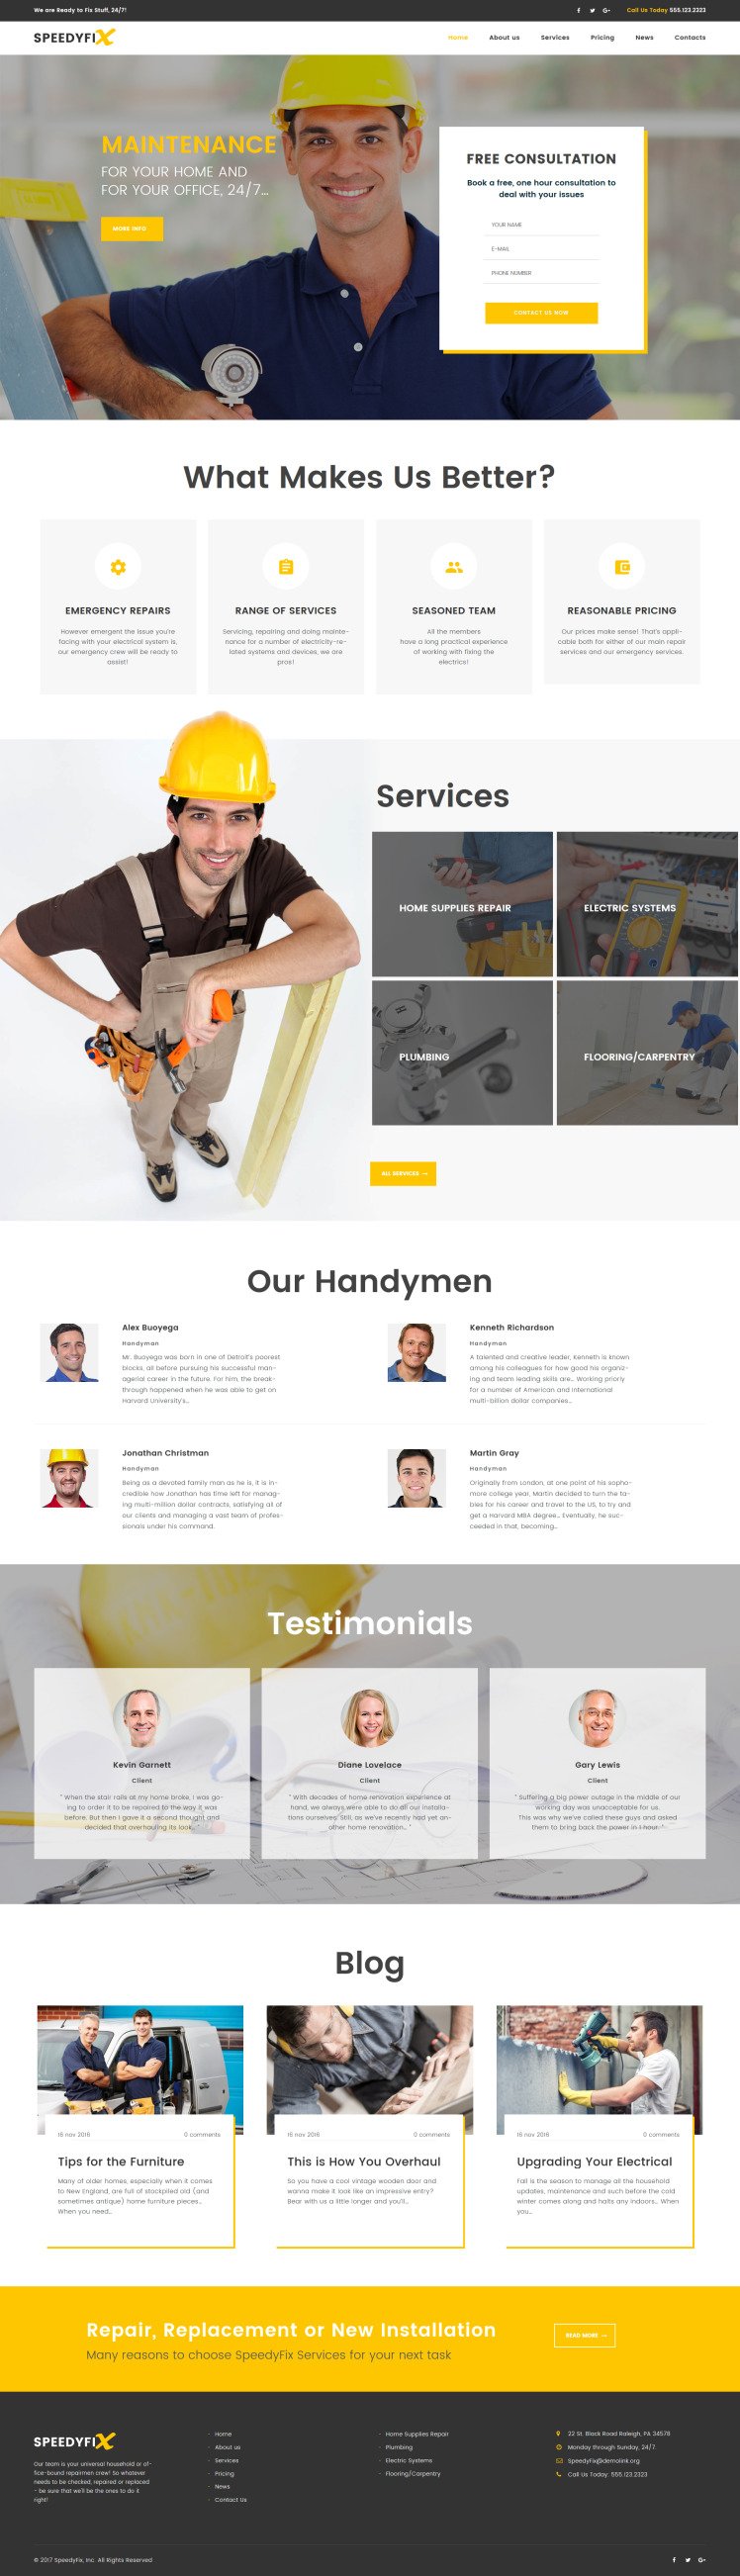 SpeedyFix Handyman Services WordPress Theme
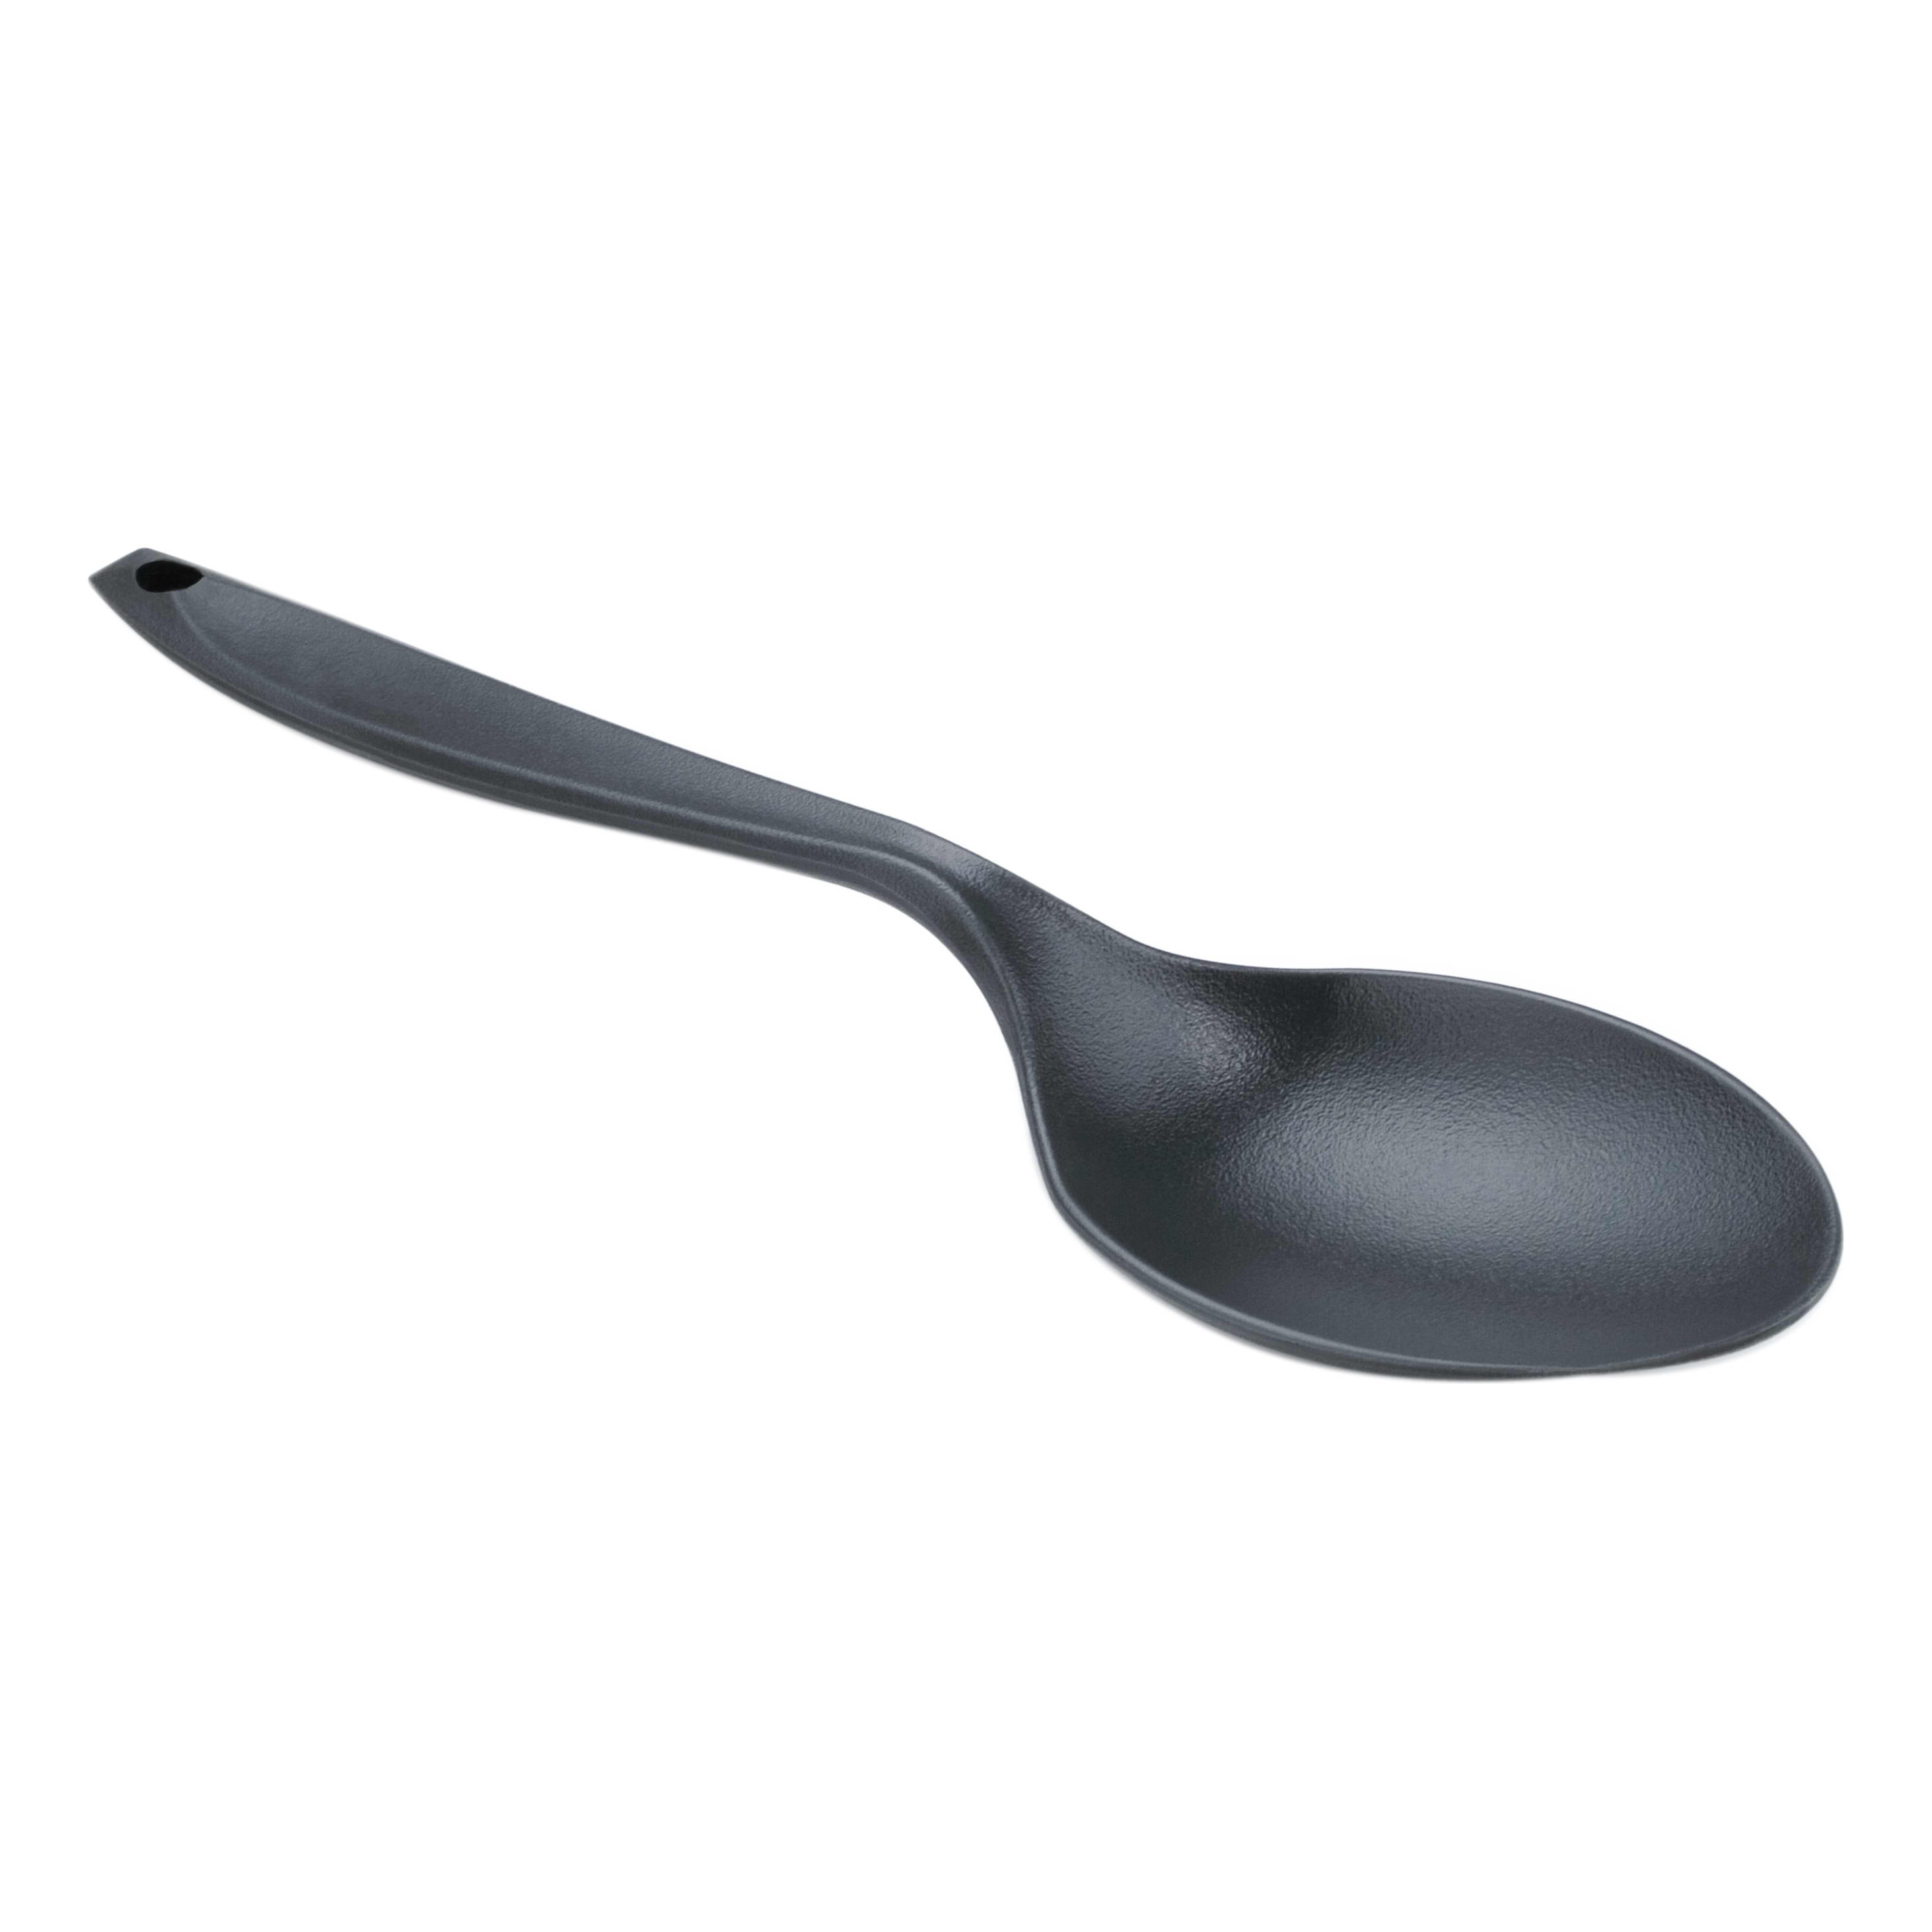 GSI Outdoors Camp Cutlery - Spoon
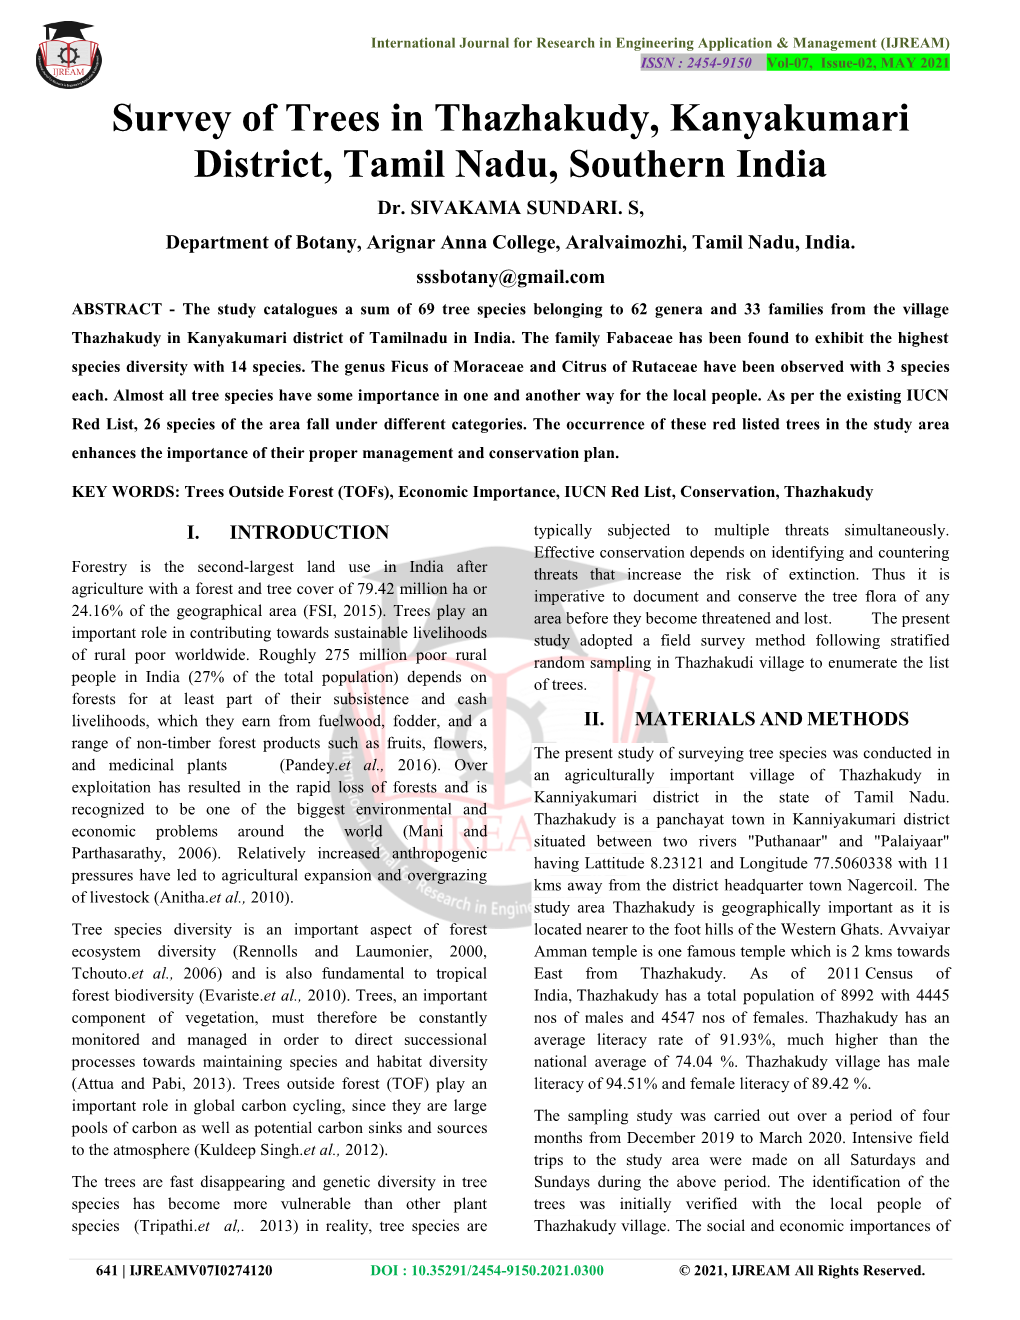 Survey of Trees in Thazhakudy, Kanyakumari District, Tamil Nadu, Southern India Dr

* * *

### [YOUR TASK]
The answer should consist solely of the lines from the one containing "GSI Outdoors Camp Cutlery - Spoon" through the last line of the material, copied exactly, with pictures left out.

### [ANSWER TO THE PROBLEM]
 GSI Outdoors Camp Cutlery - Spoon
 Survey of Trees in Thazhakudy, Kanyakumari District, Tamil Nadu, Southern India Dr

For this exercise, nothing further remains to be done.